Resources

Nicholas Tierney | The Future of Missing Data | Posit (2022)

video
Oct 24, 2022
5:40

image: thumbnail.jpg

Transcript#

This transcript was generated automatically and may contain errors.

My name is Nick Tierney and I'm here to talk about the future of missing data.

So I fully hate missing data. It disrupts your data analysis because you need to stop and work out how much is missing and think, why is it missing? Why?

Missing data controls messages. I mean, imagine if what I said just then was bleeped out. You might get a different idea of what I was saying.

I redacted hate and missing data. It redacted your data analysis because redacted and work out how redacted is missing and think, why redacted and redacted and redacted? Why?

But the truth is I actually love missing data in a funny way. Understanding it's hard, but it has an extra challenge, a little bit of spice to a data analysis. And it's been something that I've found really exciting and curious about a data analysis project.

I've actually written two R packages to help explore your data and explore missing data. And today I'm going to talk about two things, a principle of going from overview to relationship to explore your missing data and a brief tour of missing data visualizations. Emphasis on the brief, I won't have time to explore them all in detail.

Overview: viz miss

So the first one I'd recommend is an overview, viz miss. This gives you a bird's eye view of your missing data. Here the rows are your observations and the columns are your variables. If we look at the data here, we see that the black spots here are missing and the gray are present. And what we take away from this is that air temperature C is missing and humidity is also missing. They have two big chunks of missing data. There's also a few times where there's these black streaks and that indicates that some variables go missing together.

We also know that there is extra information on the amount of missing in each variables. Here's 11% missing in air temperature and 12% missing in humidity.

Exploring relationships with geom_misspoint

So now we go from the overview here and we take these two variables that are interesting to us, that have a lot of missing, and we plot them together to explore a relationship. We can do this with ggplot, with air temperature on the x-axis and humidity on the y-axis, but we get a little interesting problem here, which says that it's removed 171 rows containing missing values. So how do you show these values that are removed, how do you show missing values if they're missing? You can use geom.misspoint. This is a regular ggplot geom and this will impute the values of the data to be lower than the range of the data, so they're off to the side here and in a different color.

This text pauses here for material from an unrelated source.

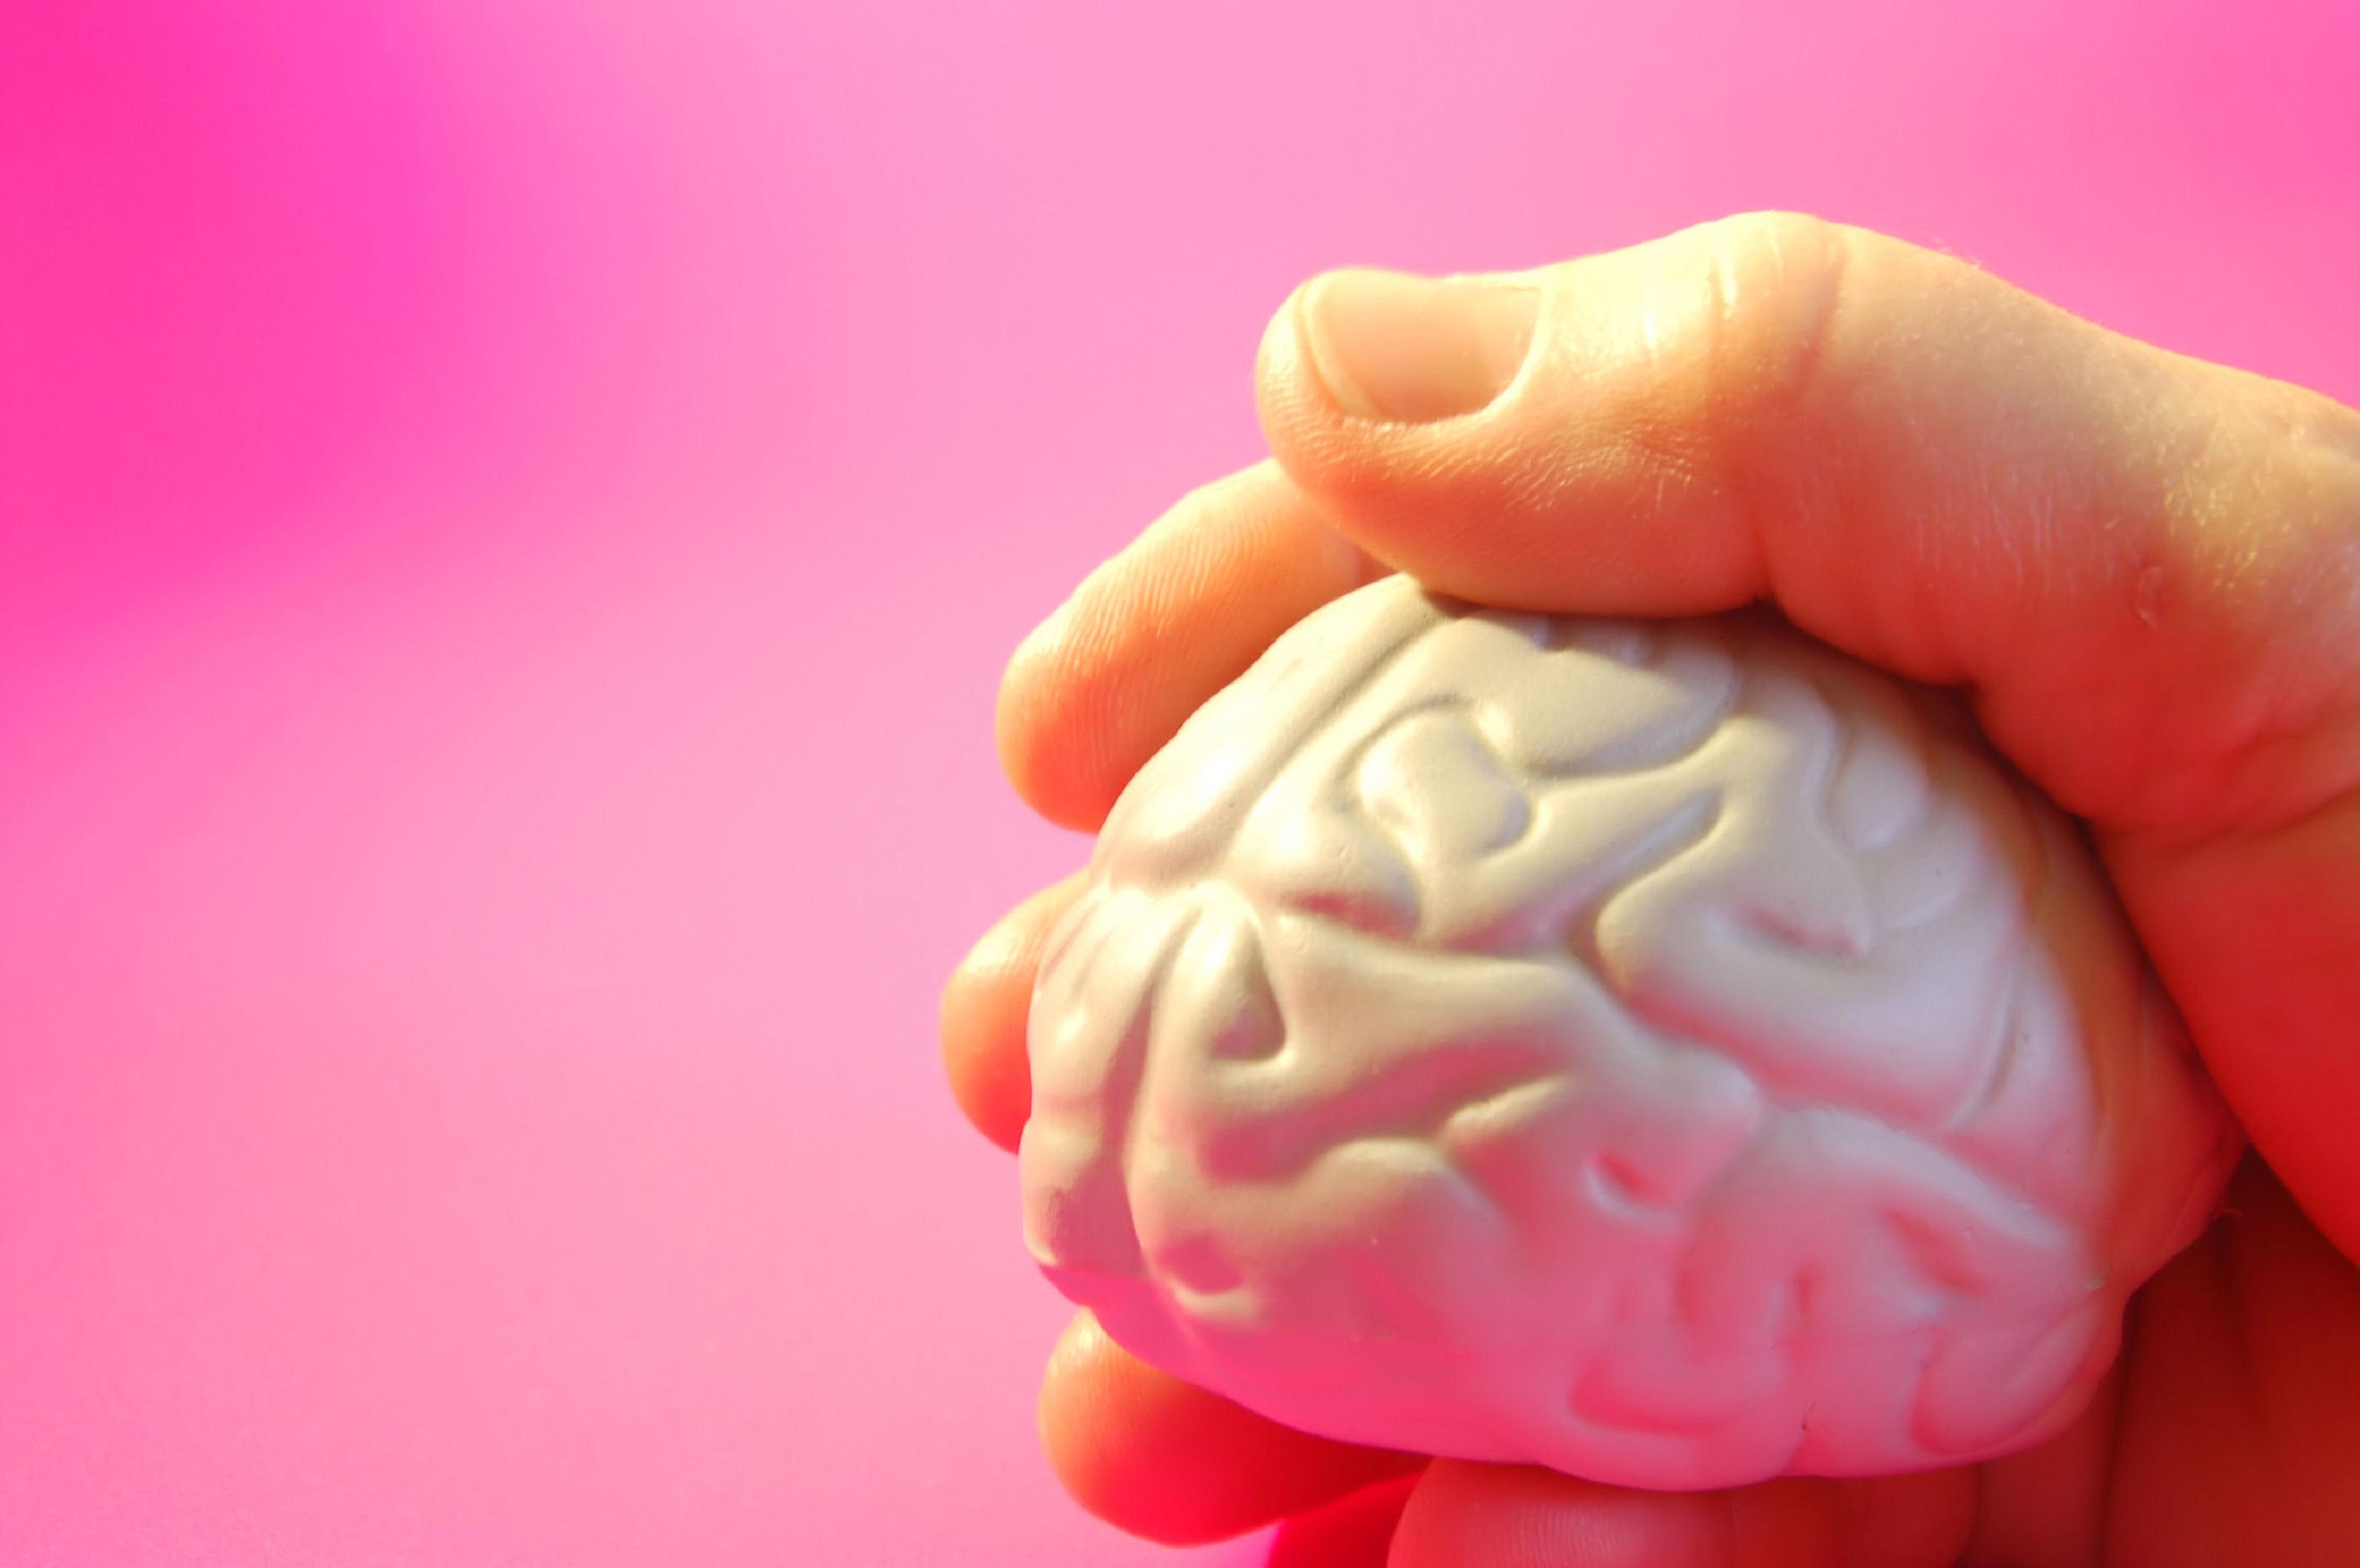 El cerebro de los jóvenes antisociales tiene menos materia gris. Imagen: Julia Freeman-Woolpert. Fuente: Free Images.

So let's break this down and look at each axis one at a time. The values in red on the x-axis are air temperature values, which are missing for humidity. We see that the distribution of these values here matches the first cluster on the left, and on the y-axis are the humidity values that have missing air temperature values. Interesting again here is that this cluster value seems to match the second cluster on the right of the present values here. So what we learn from this is that missingness is aligned with these two clusters of air temperature and humidity, and let's explore this further by exploring this relationship with another variable, year. We can just use facetwrap year, just like a regular ggplot geom, we then get two subplots here, and what we notice is something very interesting, that we get these different values for, well, these distributions of missingness are shown for each of these different years, and we've learned something really interesting, there's a different missing value pattern for each year.

there's a different missing value pattern for each year.

More missing data visualizations

Now I'm going to briefly explore some more missing data visualizations. So you can use gtmissvar to explore the missingness in each variable, and you can even show this instead of the number to the percent, and you can even explore this with a facet. Hey look, we found it again, the pattern of missing values for each year in our dataset. You can use gtmissupset to explore combinations of missingness in simple datasets, or more complex ones. You can even use gtmissfactor to explore the percent of missingness of all variables grouped by another factor. Here we see the percent of missing data over all variables in this dataset, for these different levels of marital status.

New tools and The Missing Book

With some help from the R Consortium, I'm really happy to say we'll be adding some more tools for visualizing missing data. I'll briefly talk about two new additions that I think will be really cool. Geomisshistogram will show the amount of missing values alongside a univariate distribution by imputing it below the range of the data. This gives us a general sense of the amount of missing values in the air temperature data here in this example. Geoimputedpoint will take in a dataset and identify any imputed values and will also show the values that are missing.

And in some very exciting news, I would love to introduce a book that I'm working on with Alison Horst called The Missing Book. It contains exercises on missing data and general workflows on exploring missing values and imputations, and the aim is to have a general book to guide you through exploring your data with some case studies of real missing data.

So I'll wrap up now by saying that the future of missing data is its presence. It's its presence in software, in your data analysis, in tutorials, in how we think about data generally. Funnily enough, missing data is almost always present, so let's make sure we don't forget it.

Funnily enough, missing data is almost always present, so let's make sure we don't forget it.